The reasons for the shortfall in export can be partially attributed to the appreciation of the Indian rupee during 2007-08 by over 13%, leading to loss of price competitiveness in the international market. This was further compounded by the fact that there was a general slow down in the off-take of textiles and clothing (T&C) products in some of the major markets abroad.

The share of textiles in the total exports of the country marginally declined to 13.5% in 2007-08 from 15.16% in 2006-07.

To promote exports of textiles from the country and to strengthen the textiles sector of the country, Government has taken a number of measures from time to time as follows:-

(i) To improve productivity and quality of cotton for manufacture and export of competitive downstream textile products, Government has launched the Technology Mission on Cotton (TMC).

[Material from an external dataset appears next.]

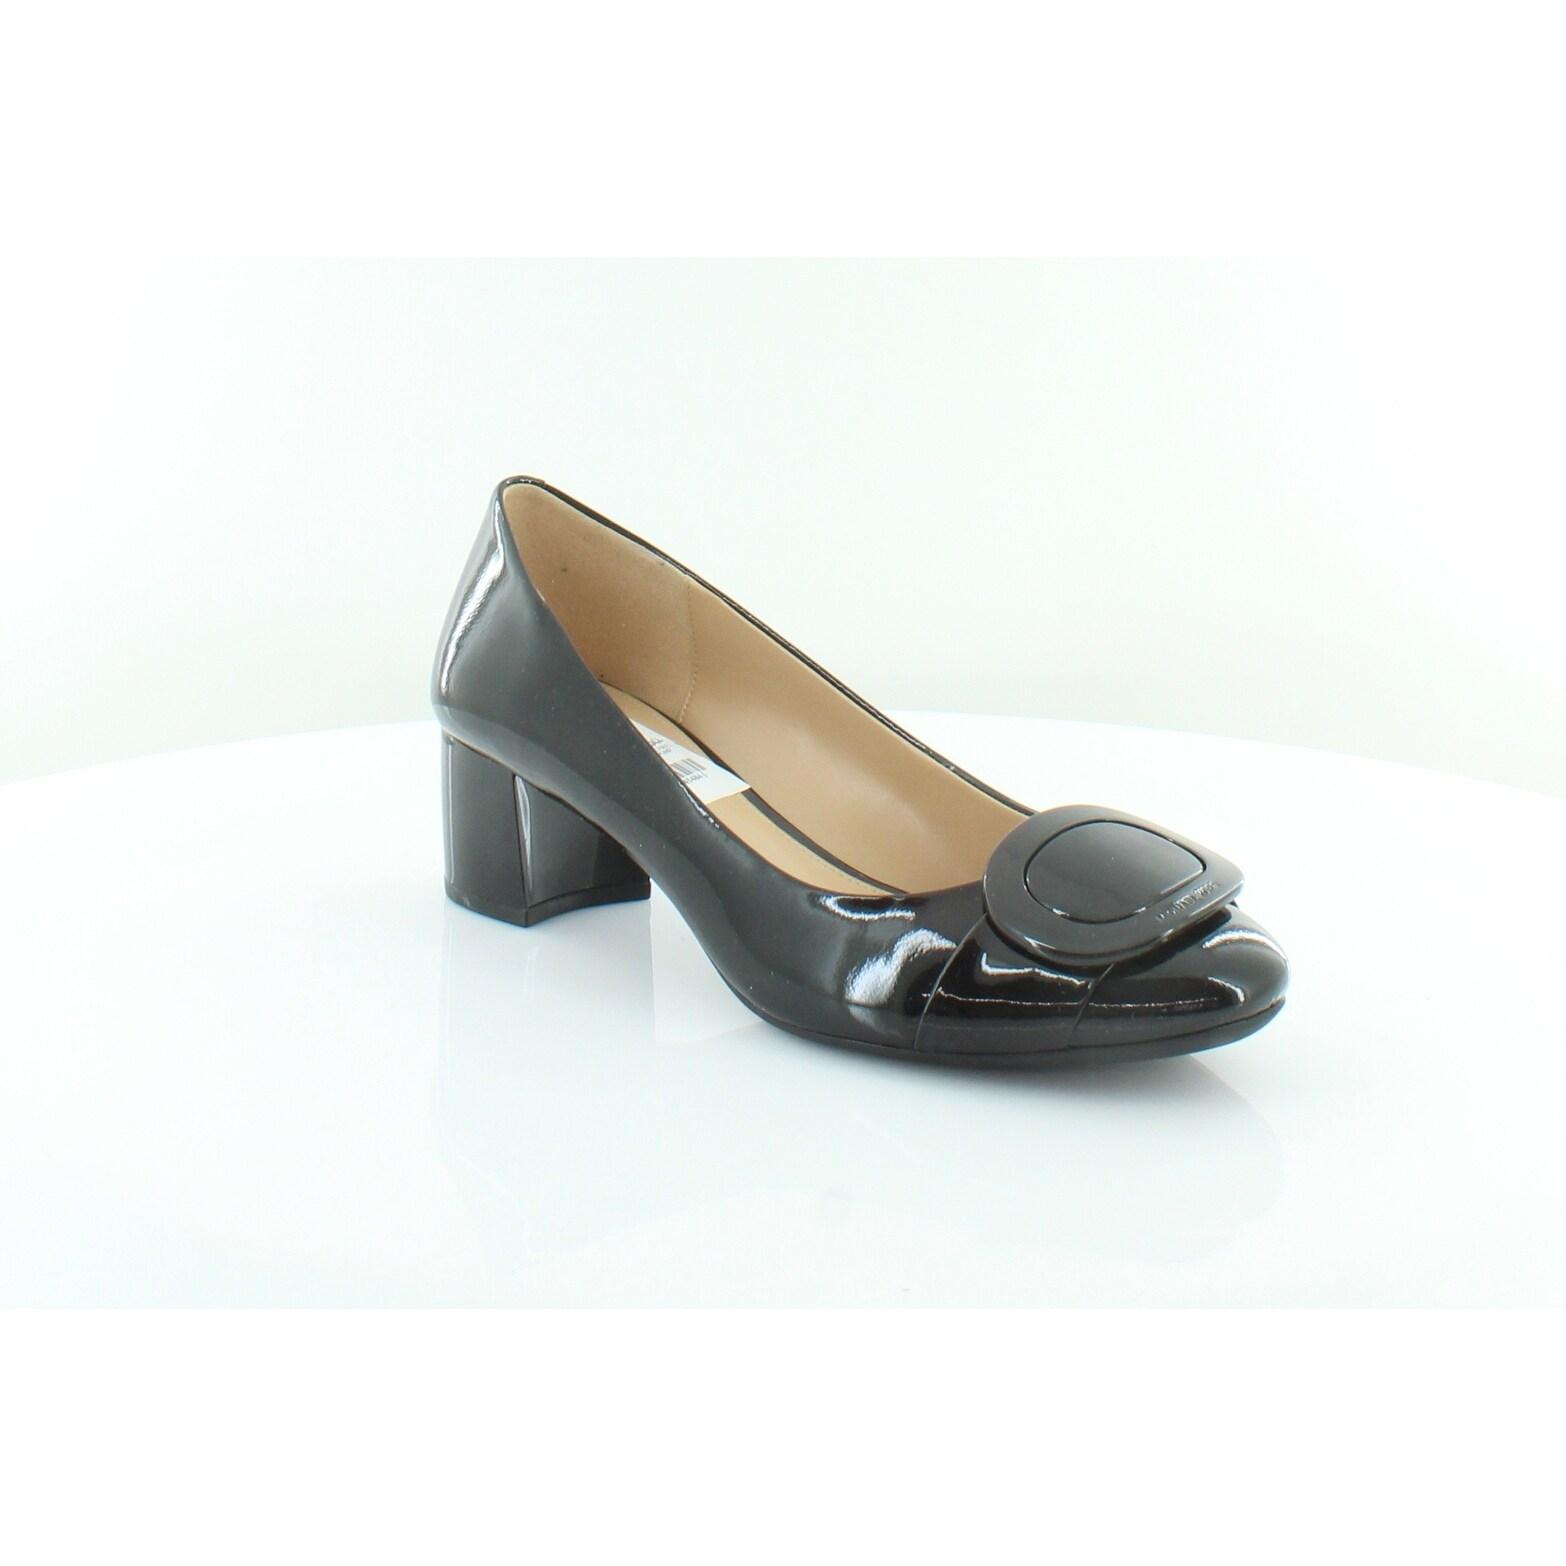 51b2889d5fd5 Shop MICHAEL Michael Kors Pauline Pump Women s Heels Black - Free ...
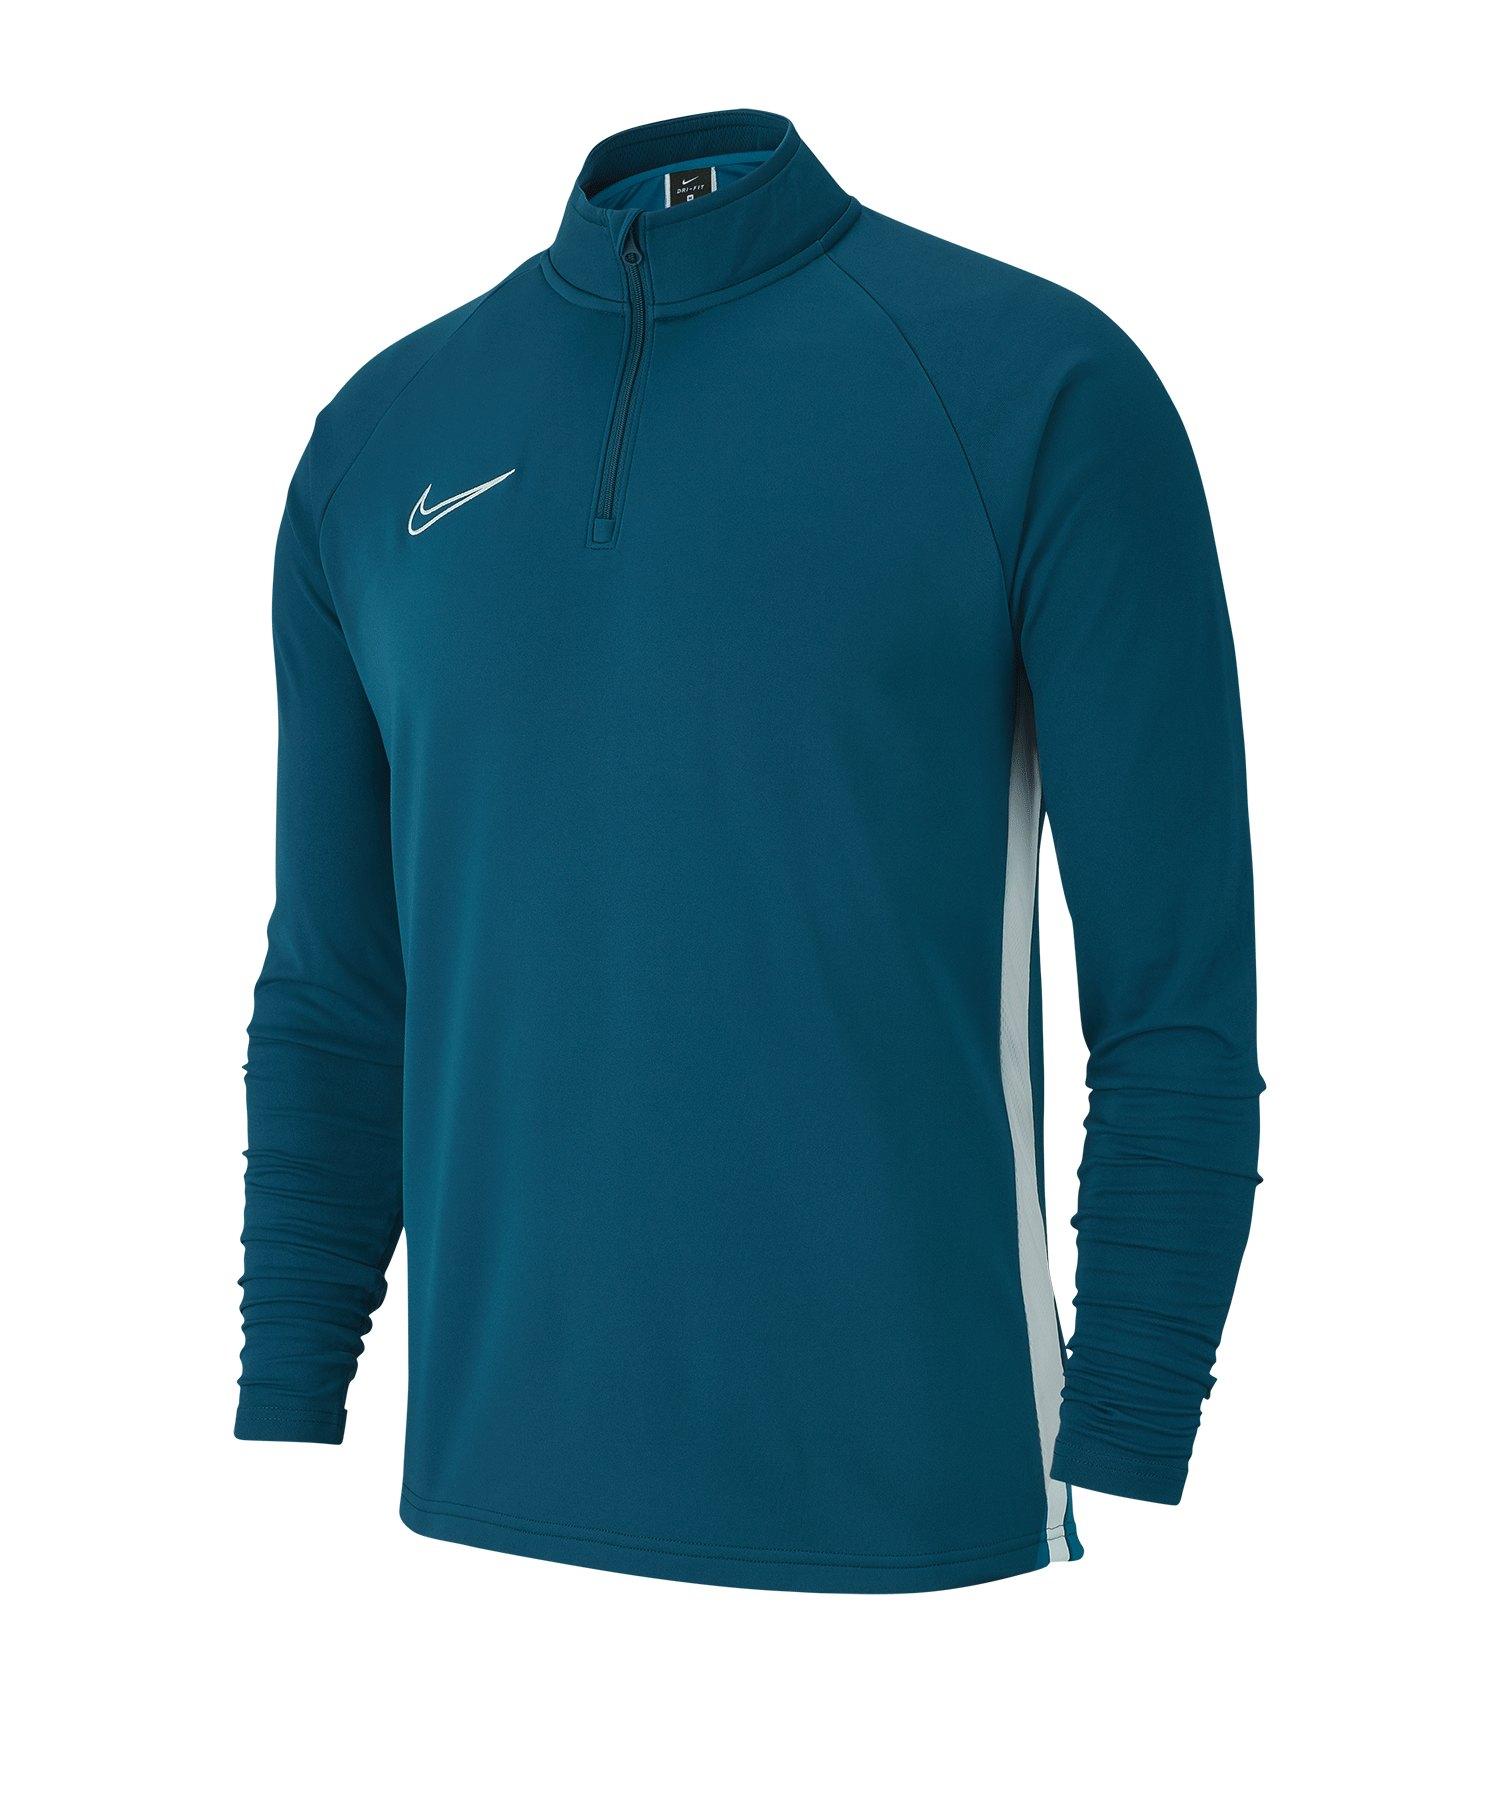 Nike Academy 19 1/4 Zip Drill Top Blau F404 - blau

The Mission has achieved success in increasing the productivity and reducing the contamination through upgradation of cotton market yards and modernisation of Ginning & Pressing factories.

(ii) The Technology Upgradation Fund Scheme (TUFS) was launched to facilitate the modernisation and upgradation of the textile industry both in the organised and unorganized sector. The Scheme has been further fine tuned to increase the rapid investments in the targeted sub-sectors of the textile industry. The cost of machinery has been further brought down by reducing the customs duty on imports.

(iii) To provide the textile industry with world-class infrastructure facilities for setting up their textile units meeting international environmental and social standards, a Public-Private Partnership (PPP) based Scheme known as the “Scheme for Integrated Textile Park (SITP)” has been introduced in August 2005.

(iv) In 2004-05 Budget, the entire textile sector, except for man-made fibre and filament yarn was provided optional exemption from excise duty. In 2005-06 Budget, Central Value-aided Tax (CENVAT) on Polyester Filament Yarn has been reduced from 24% to 16%. These modifications in fiscal levies aim at attracting more investments for modernization of textile sector.

(v) To facilitate import of state of the art machinery to make our products internationally competitive in post quota regime, in 2005-06 Budget, the customs duty on textile machinery has been brought down to 10% except 23 machinery appearing in List 49 which attracts Basic Customs Duty (BCD) of 15%. The concessional duty of 5% continues to be at 5% on most of the machinery items.

(vi) Government has launched the Debt Restructuring Scheme w.e.f. Sept., 2003 with the principal objective to permit banks to lend to the textile sector at 8-9% rate of interest.